Hint: For these questions, first we have to know what is the molarity and molality of a given solution. Then how to find the molality of the solution when molecular mass, the molarity and the density of the solution is given.
Formula used
Molarity:
 $ M = \dfrac{n}{V} $
Where, $ M $ is the molarity of the solution, $ n $ is the number of moles present in the solution and $ V $ is the volume of the solution in the litres.
Density:
 $ d = \dfrac{W}{V} $
Where, $ d $ is the density of the solution, $ V $ is the volume in the litres and $ W $ is the weight is kilograms.
Molality:
 $ m = \dfrac{n}{W} $
Where, $ m $ is the molality of the solution, $ n $ is the number of moles present in the solution and $ W $ is the weight of solvent in kilograms.

Complete step-by-step answer
We will start with the definition of the molarity:
Molarity: The number of moles of the solute present in per one litre of the solution is called molarity.
Now, moving towards the definition of molality:
Molality: Molality is defined as the number of moles of solute present in per one kilogram of the solvent.
Given data in the question:
Density of the solution, $ d = 0.976g/mL $
Molarity of the solution, $ M = 2.45M $
Molecular weight of $ C{H_3}OH $ , $ mol = 32 $
For finding the molality, we need the number of moles of solute and the mass of the solvent.

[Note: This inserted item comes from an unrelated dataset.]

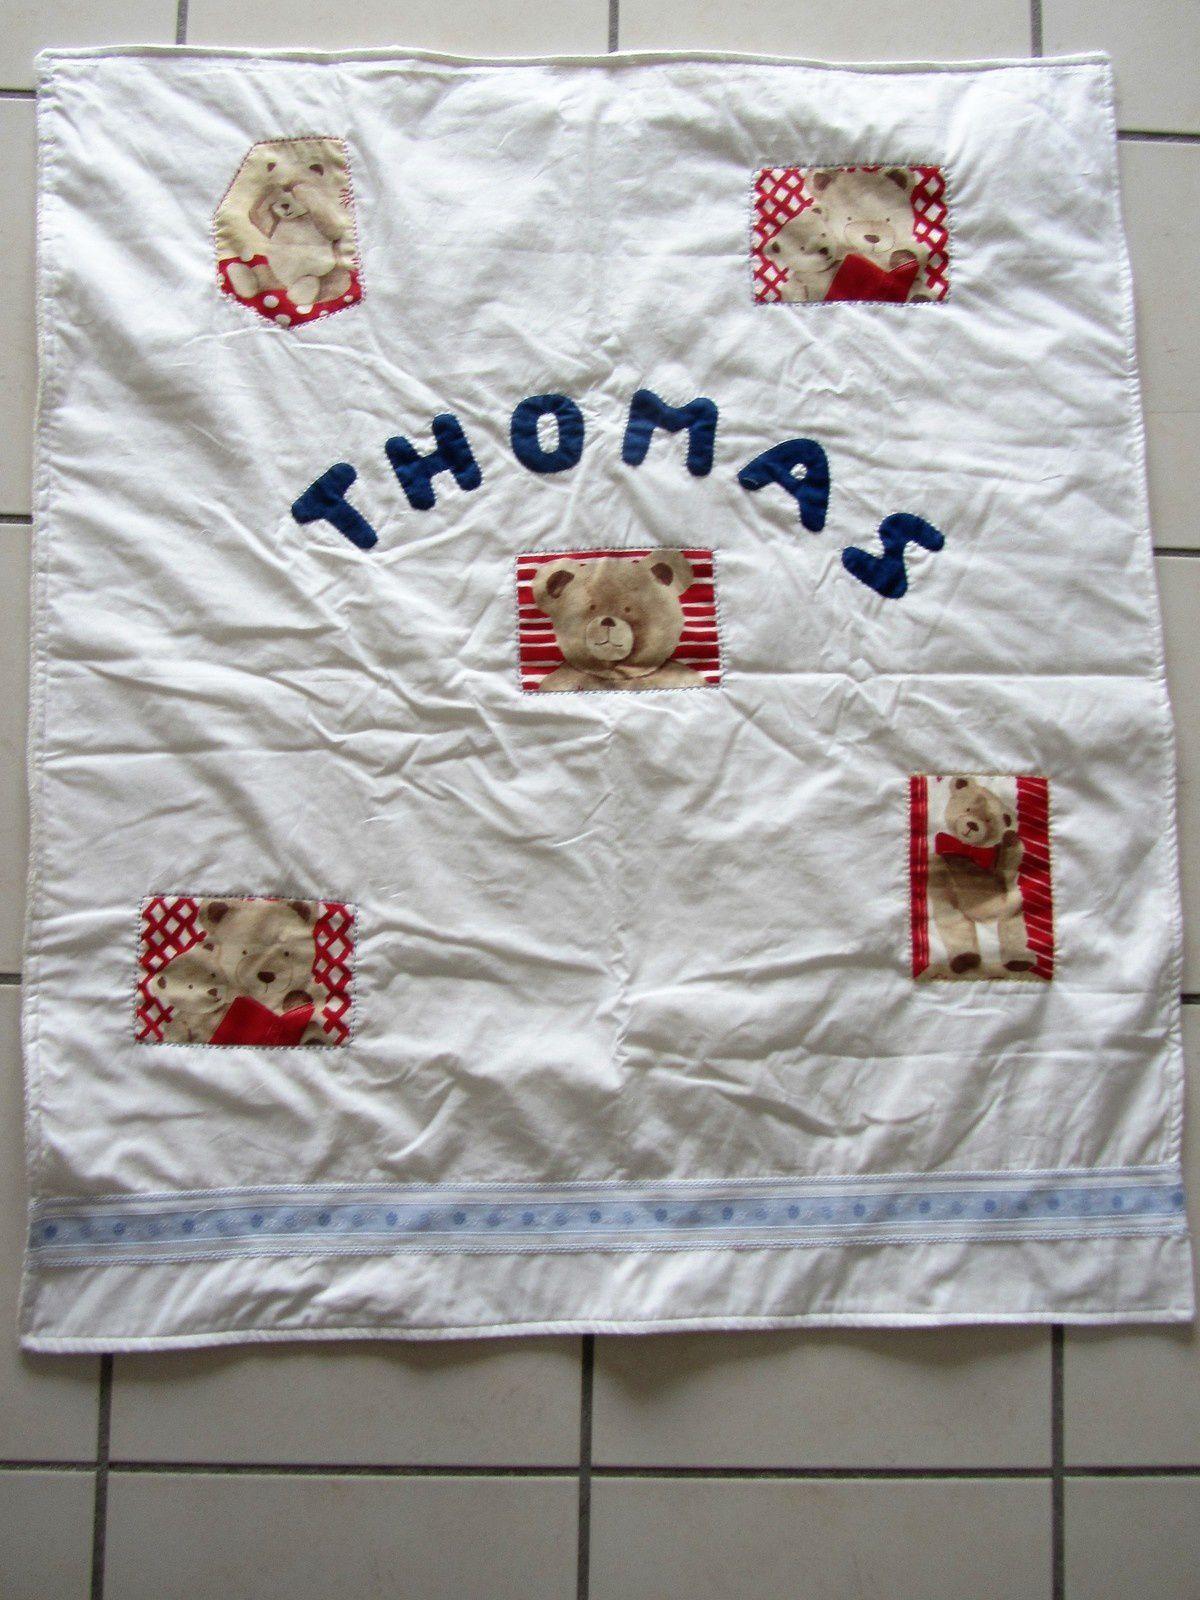 Ma fille Marie est la marraine d'un petit Thomas né en Angleterre. J'ai réalisé cette petite couverture pour lui offrir.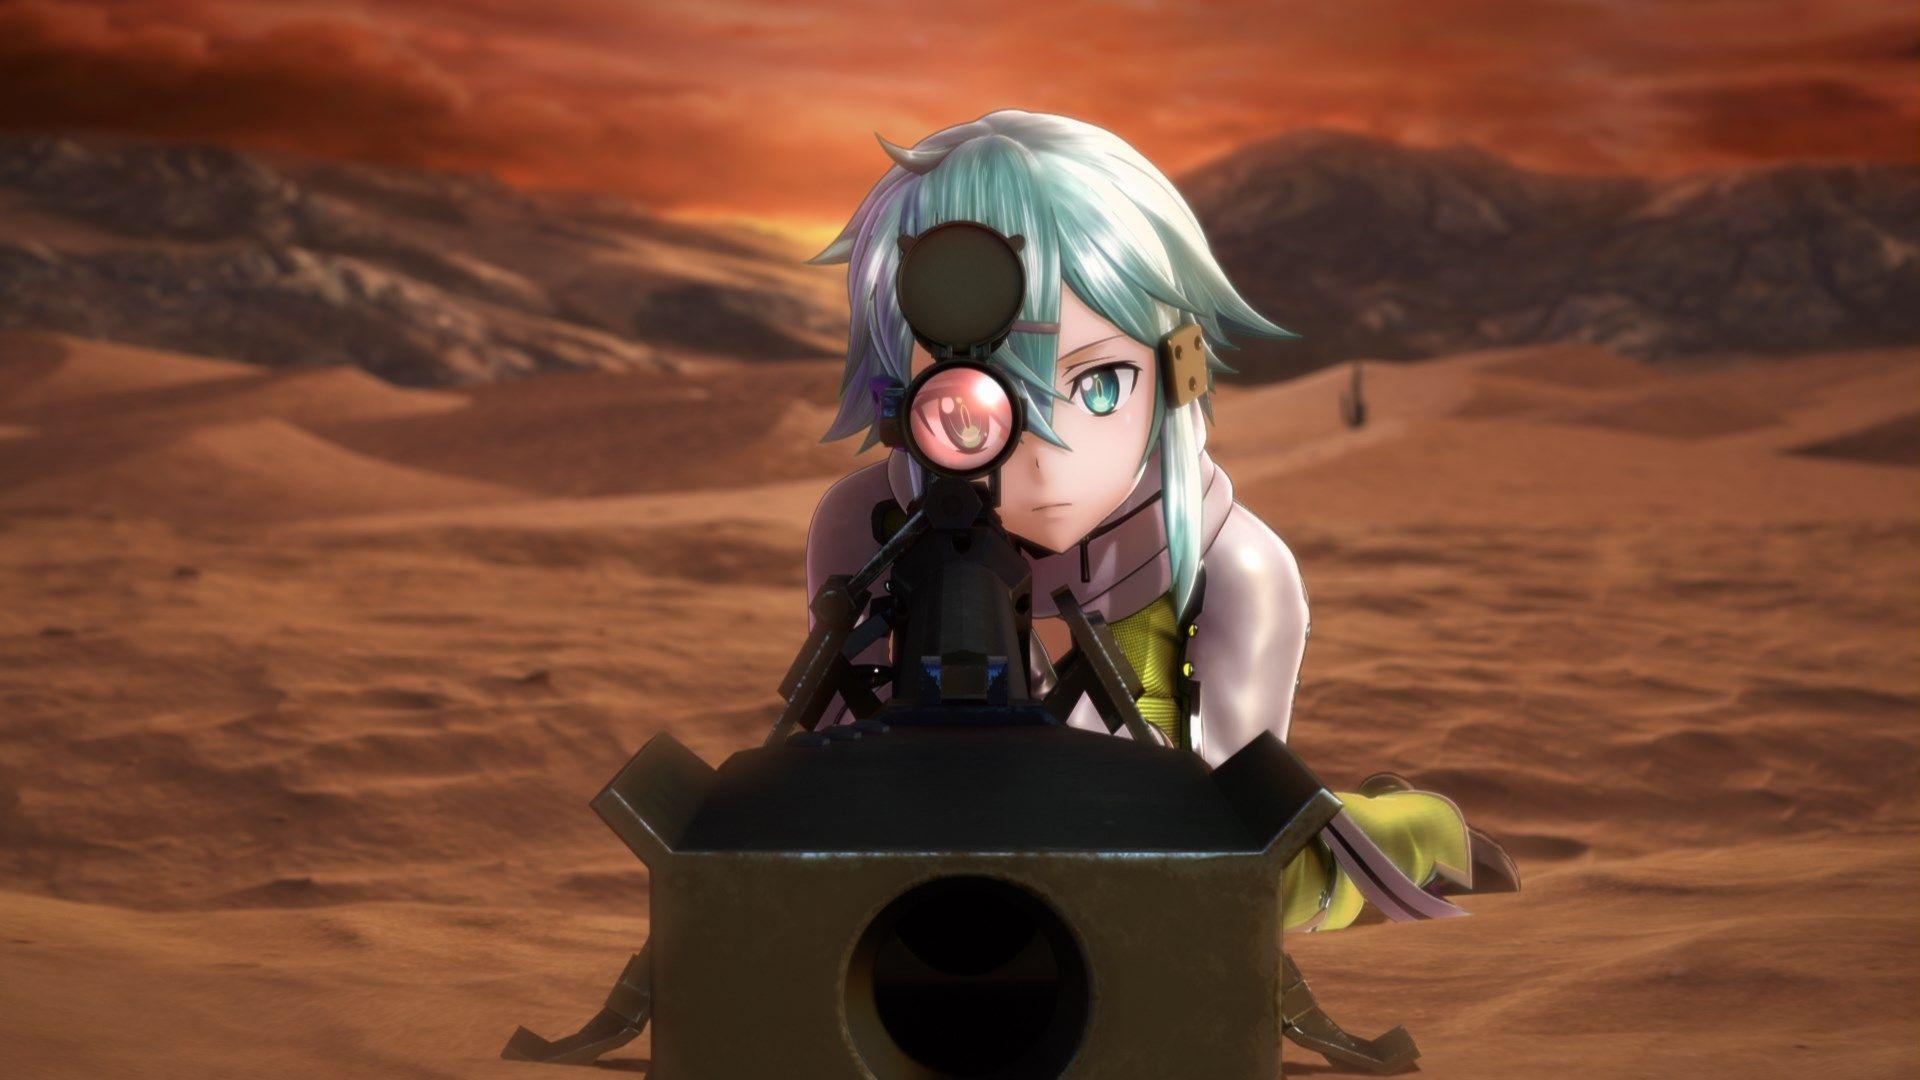 Sao Fatal Bullet Sinon

The molarity is given, which states that $ 2.45M $ moles are present in the one litre of solution,
The mass of the solute, $ W = n \times mol = 2.45 \times 32 = 78.4g $
Now, finding the mass of solvent, for this we have to find the mass of the solution, we can find out the mass of solution using density,
 $ d = \dfrac{W}{V} $
 $ \Rightarrow W = V \times d $
Putting the values of volume and density,
 $ \Rightarrow W = V \times d = 0.976 \times 1000 = 976g $
Hence, the mass of the solution is $ 976g $
Mass of solvent= mass of given solution-mass of calculated solute
 $ \Rightarrow $ Mass of solvent $ = (976 - 78.4)g = 897.6g $
Hence, the mass of the solvent is $ 897.6g $
Hence, now when we know the number of moles and mass of the solvent we can find out the molality of the solution.
Now, putting the values of the moles and mass of solvent,
 $ m = \dfrac{n}{W} = \dfrac{{2.45 \times 1000}}{{897.6}} \approx 2.73m $
So, the molality of the solution is $ 2.73m $ .
Hence, the correct option is (d) $ 2.73m $ .

Note
While measuring the more accurate concentration, we prefer for the molality rather than molarity, because we take volume of the solution in molarity, the volume may change due to the temperature but on the weight it does not affect.